В «Версале» жила старая мамина знакомая, с дочерью которой Тасей мы сразу же подружились. Мисс Уотсон занималась с Тасей и со мной английским языком и иногда, чтобы не возвращаться поздно вечером в старый Харбин — предместье, где мы тогда жили — я оставалась у Таси ночевать. Мы сидели с ней в закутке, отгороженном шкафом и занавеской, читали вслух Джейн Эйр, а одним ухом прислушивались к ни на минуту не смолкавшим разговорам. Тасина мама училась когда-то в школе прикладных искусств и сейчас энергично раскрашивала бумажные абажуры и глиняные горшки, составляла узоры для вышивок, разрисовывала поздравительные открытки и конфетные коробки. Работала она дома, и ее комната стала чем-то вроде исповедальни, пункта первой медицинской помощи и конторы общества взаимного кредита, выдававшего ссуды в размере нескольких ложечек сухого чая, полубутылки керосина, одного даяна, а то и пары шелковых чулок на вечер. На комоде стояла неизменная тарелка с чайной колбасой, нарезанной тоненькими ломтиками, хлеб, вазочка с вареньем. Примостившись сбоку за столом всегда кто-то пил чай, и заглянувший на бегу всеобщий любимец Вова — репортер одной из харбинских газет рассказывал свежие анекдоты и политические новости.

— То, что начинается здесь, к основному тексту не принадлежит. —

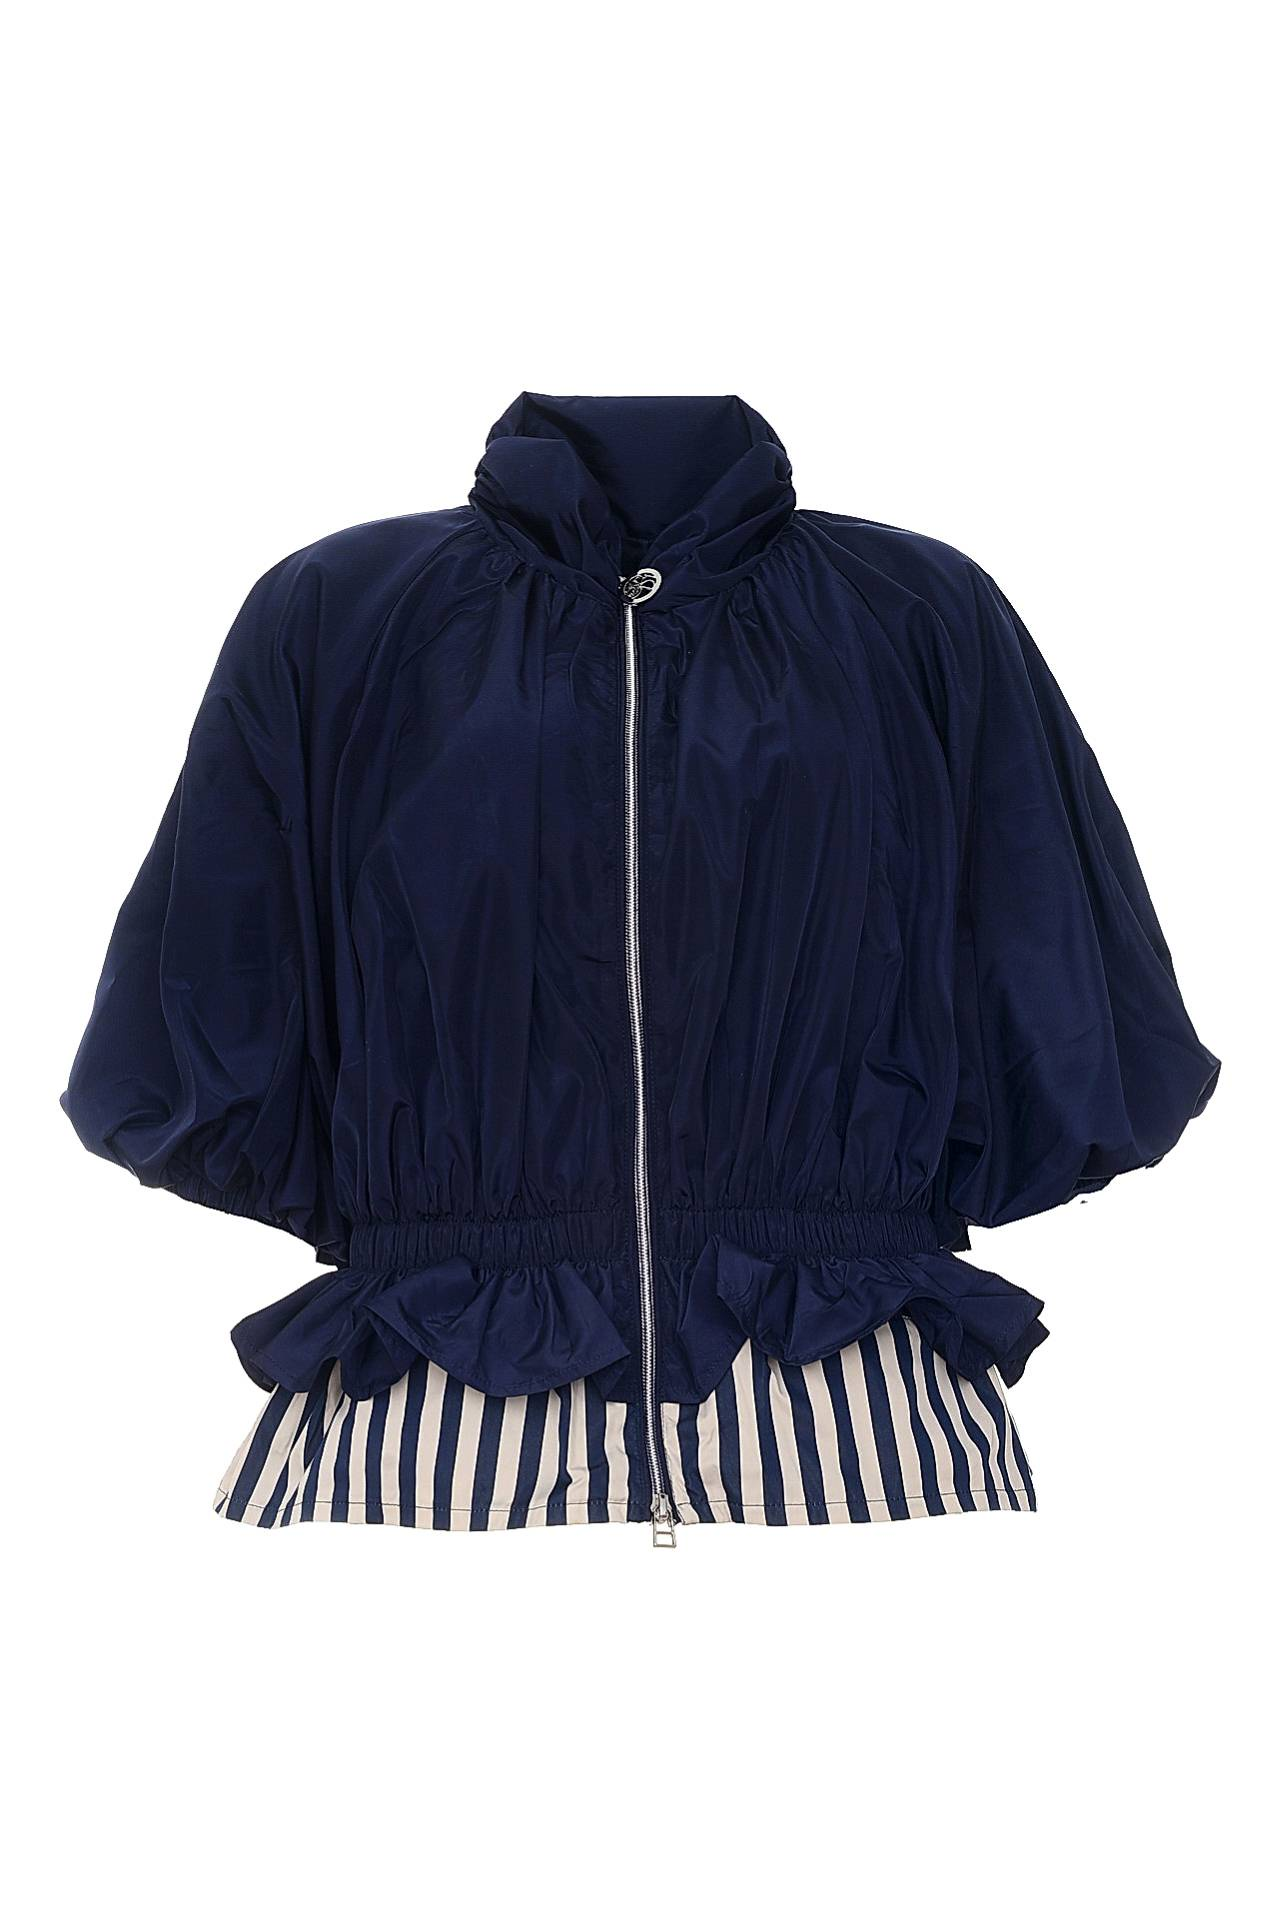 Куртка ODRI mo вентилятора mofi 2 huawei rongyao ping защитный рукав кобуры пластина 8 дюймов jdn w09 al00 вызова tablet пакет рукав темно синий

— Посмотрите в окно! — говорил он с полным ртом, — Взгляните вон на ту шавку. Видите? А знаете, кем она была в царской России? Нет? Так я вам скажу. Сенбернаром!
Тасина мама и ее приятельница, забежавшая на минутку, звонко хохотали.
— Господи, откуда вы все это достаете?
— Где я черпаю свой блистательный юмор, вы хотите сказать? К сожалению, не из собственной головы. Из парижской эмигрантской прессы. Из произведений певцов эмиграции: поэта Дон-Аминадо, юмористки Тэффи, карикатуриста Мада и многих других.
— Хороши певцы, только и знают, что над собой издеваются.
— Не издеваются, а подсмеиваются — это разница. Елена Николаевна, когда я доберусь до Сорбонны или Кембриджа и займусь, наконец, научной деятельностью, я напишу трактат о пользе смеха. Пользе с точки зрения медицинской, хозяйственной и политической. Тезисы: (А) Человек, которому ничто не смешно, социально опасен. (Б)…
— Вова, Вова, пока вы не уехали в Сорбонну, садитесь и пейте чай. С черносмородиновым вареньем, вашим любимым.
С шумом распахивалась дверь и в комнату быстро входила одна из маникюрш, населяющих «Версаль».
— У одной моей клиентки ощенилась борзая, — взволнованно сообщала она. — Семь щенят.